These actions include all the possible horizontal and vertical actions. These actions can be activated by dots and boxes play game, where you input the two coordinates and returns the new state with your new action and the algorithms new action. All the actions by the algorithm for the computer play are the functions with comp in front of the name. These include:
- comp_try_box 
- get_comp_turns
- comp_play

### 2.3. Transitions
The transition of $(s'|s,a)$ where s' is the new state, s is the previous state and a represents one of the actions. $s'$ will be decided by the previous state in combination with the action, because it will depend on the new actions what the new stat looks like. The probability $P$ of these transitions will depend on the strategy of the algorithm.

### 2.4. Rewards
The reword of a specific transition, also $R(s,a,s')$ will depend on how successful the algorithm was. If the algorithm is closer to creating a box, or did create a box, then the reword should be higher then actions that do the opposite.

### 2.5. Policy
Not yet decided. 

In [47]:
game = DotsAndBoxes(2)
game.show_game()

--------------------

    a   b   c

 0  +   +   +
                
             
 1  +   +   +
                
             
 2  +   +   +


--------------------

score of player one ( P ) : 0
score of player two ( C ) : 0


In [48]:
print(game.actions)
game.play_game("c0", "c1")
print(game.actions)

[['a0', 'a1'], ['a1', 'a2'], ['b0', 'b1'], ['b1', 'b2'], ['c0', 'c1'], ['c1', 'c2'], ['a0', 'b0'], ['b0', 'c0'], ['a1', 'b1'], ['b1', 'c1'], ['a2', 'b2'], ['b2', 'c2']]

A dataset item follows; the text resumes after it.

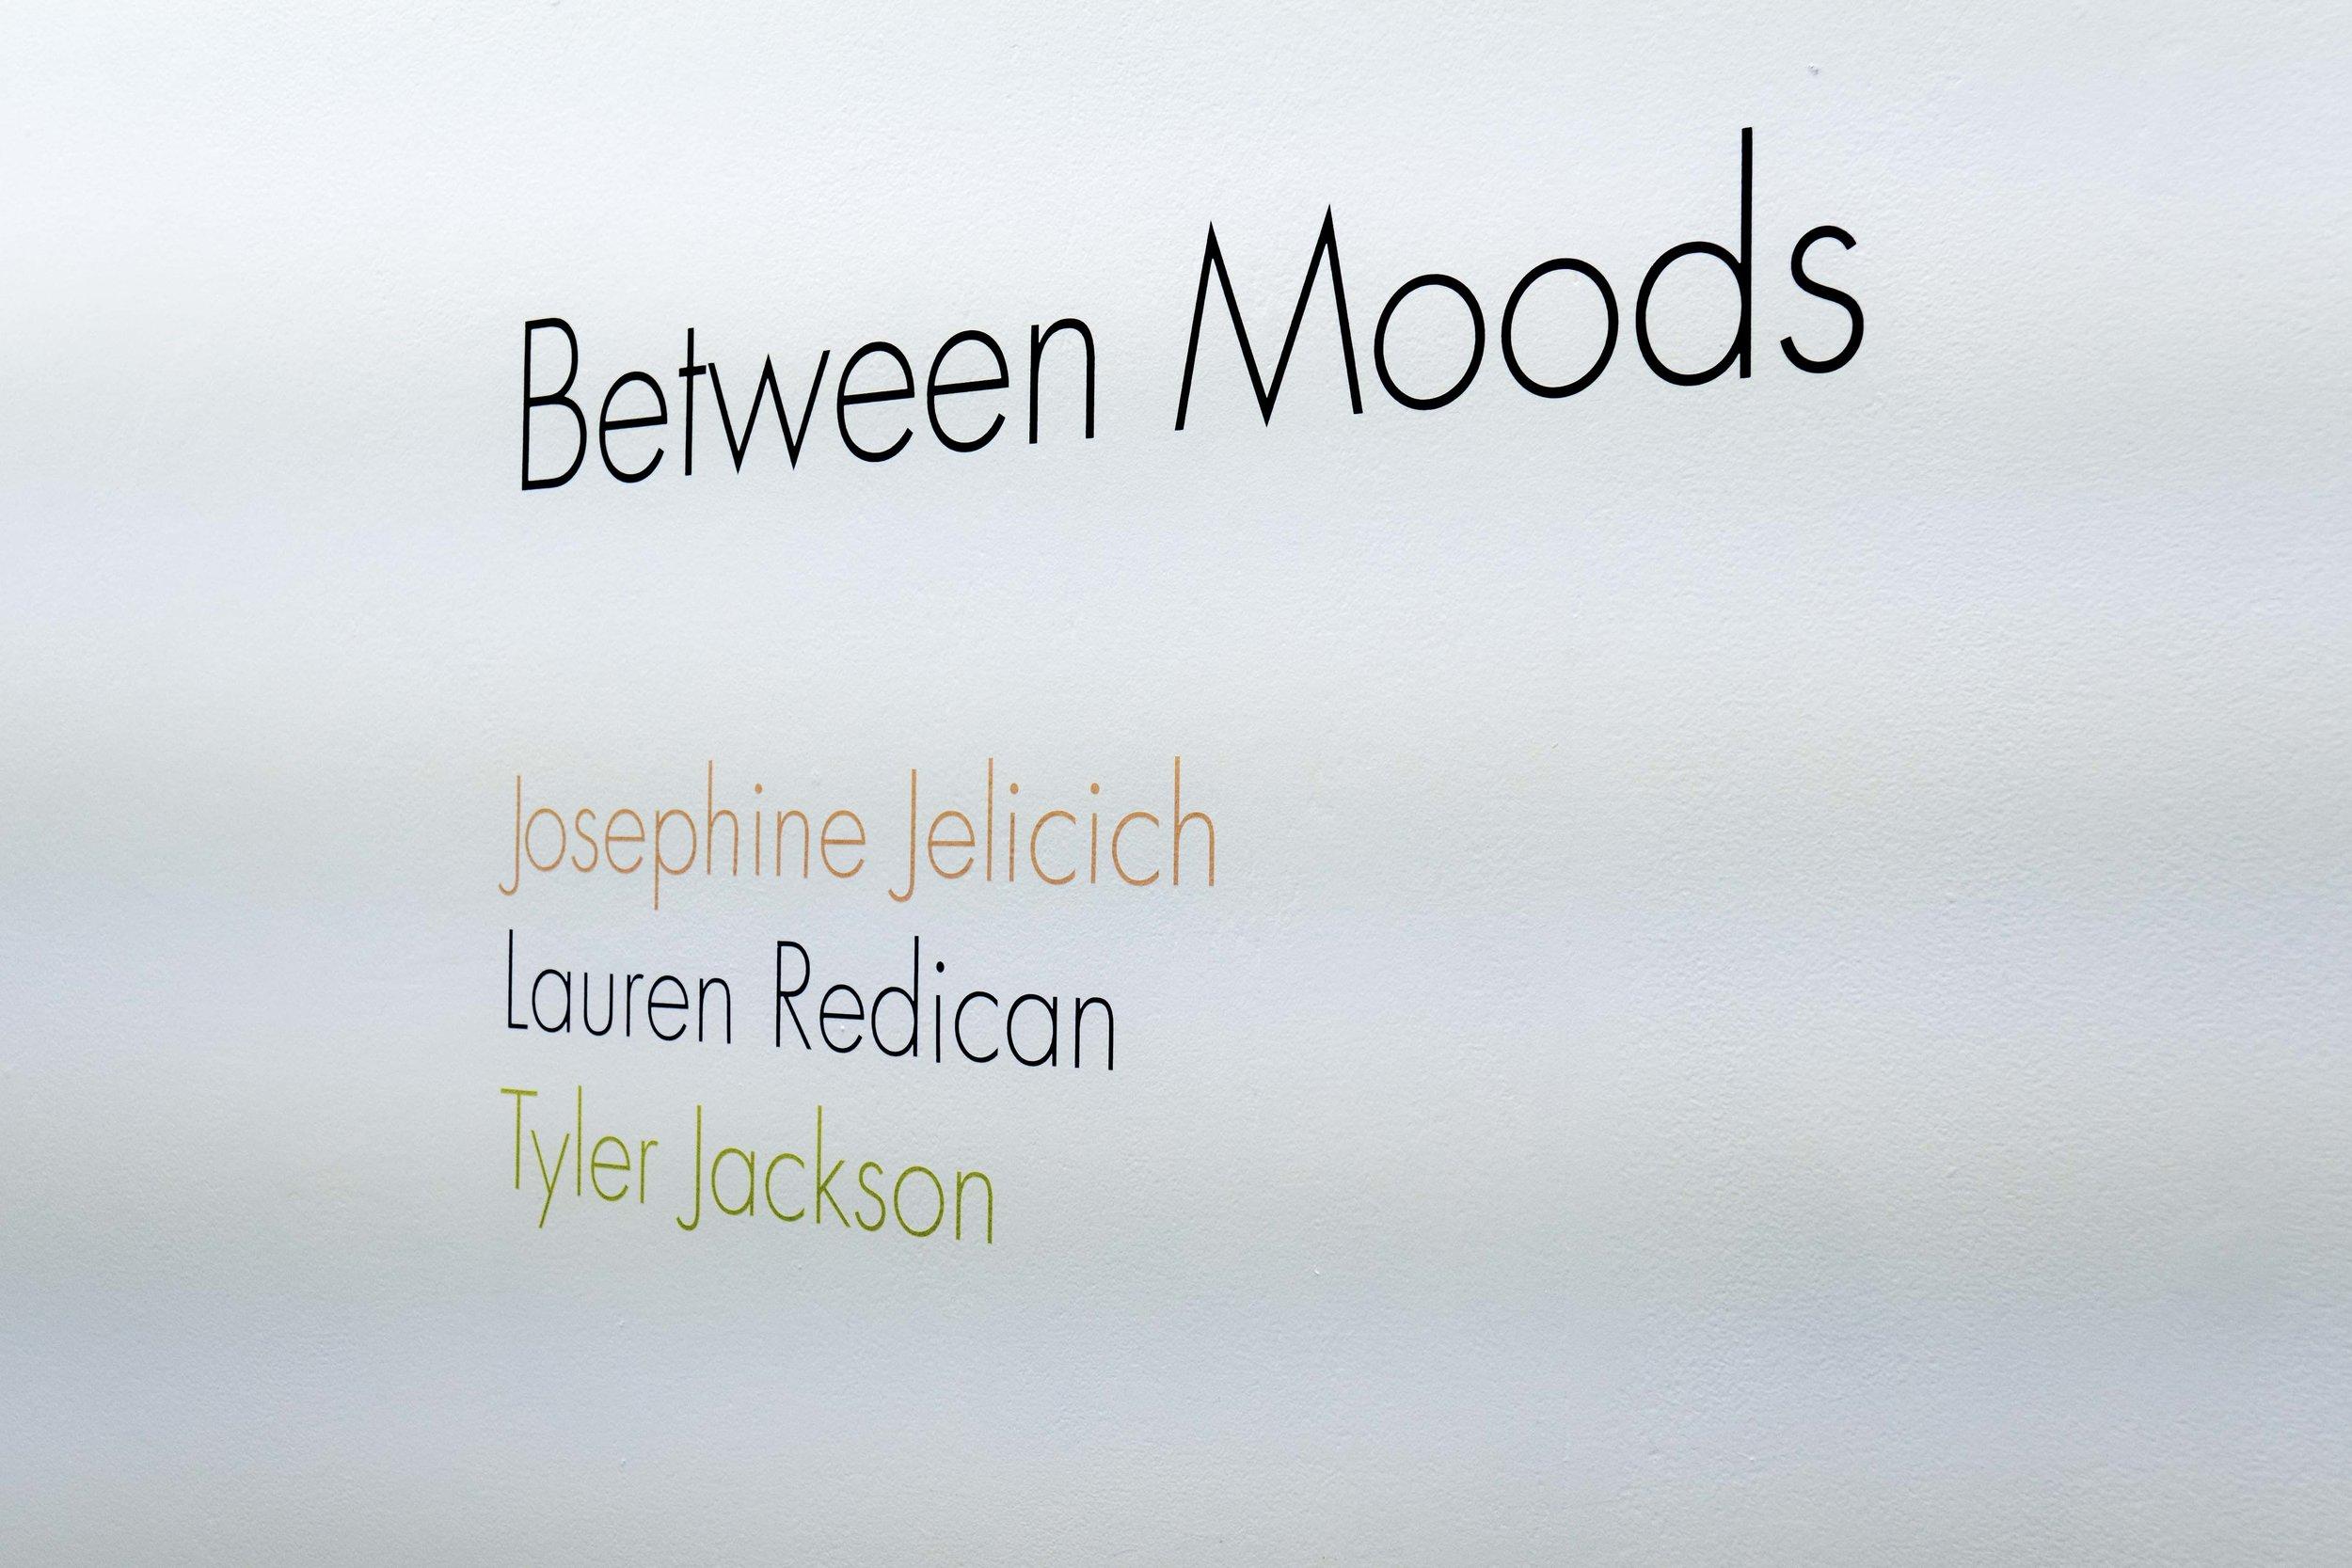 Between Moods Signage.jpg

Computer play: line created between b1 and c1 

--------------------

    a   b   c

 0  +   +   +
            |   
            |
 1  +   +___+
                
             
 2  +   +   +


--------------------

score of player one ( P ) : 0
score of player two ( C ) : 0
[['a0', 'a1'], ['a1', 'a2'], ['b0', 'b1'], ['b1', 'b2'], ['c1', 'c2'], ['a0', 'b0'], ['b0', 'c0'], ['a1', 'b1'], ['a2', 'b2'], ['b2', 'c2']]


In [29]:
game.play_game("b0", "b1")


Computer play: line created between a1 and b1 

--------------------

    a   b   c

 0  +   +   +
        |   |   
        |   |
 1  +___+   +
                
             
 2  +___+   +


--------------------

score of player one ( P ) : 0
score of player two ( C ) : 0


In [30]:
game.play_game("b2", "c2")


Computer play: line created between c1 and c2 

--------------------

    a   b   c

 0  +   +   +
        |   |   
        |   |
 1  +___+   +
            |   
            |
 2  +___+___+


--------------------

score of player one ( P ) : 0
score of player two ( C ) : 0


In [31]:
game.play_game("a1", "a2")


Computer play: line created between b1 and b2 


Computer play: line created between b1 and c1 


Computer play: line created between b0 and c0 


Computer play: line created between a0 and a1 

--------------------

    a   b   c

 0  +   +___+
    |   |   |   
    |   | C |
 1  +___+___+
    |   |   |   
    | C | C |
 2  +___+___+


--------------------

score of player one ( P ) : 0
score of player two ( C ) : 3


In [633]:
for i  in game.rewards:
    print(f"reward -> {i}")

print(f"The total rewards are {sum(game.rewards)}")
print(f"The total rewards are {game.total_rewards_calculator()}")

reward -> -10
reward -> 0
reward -> -4
The total rewards are -14
The total rewards are -14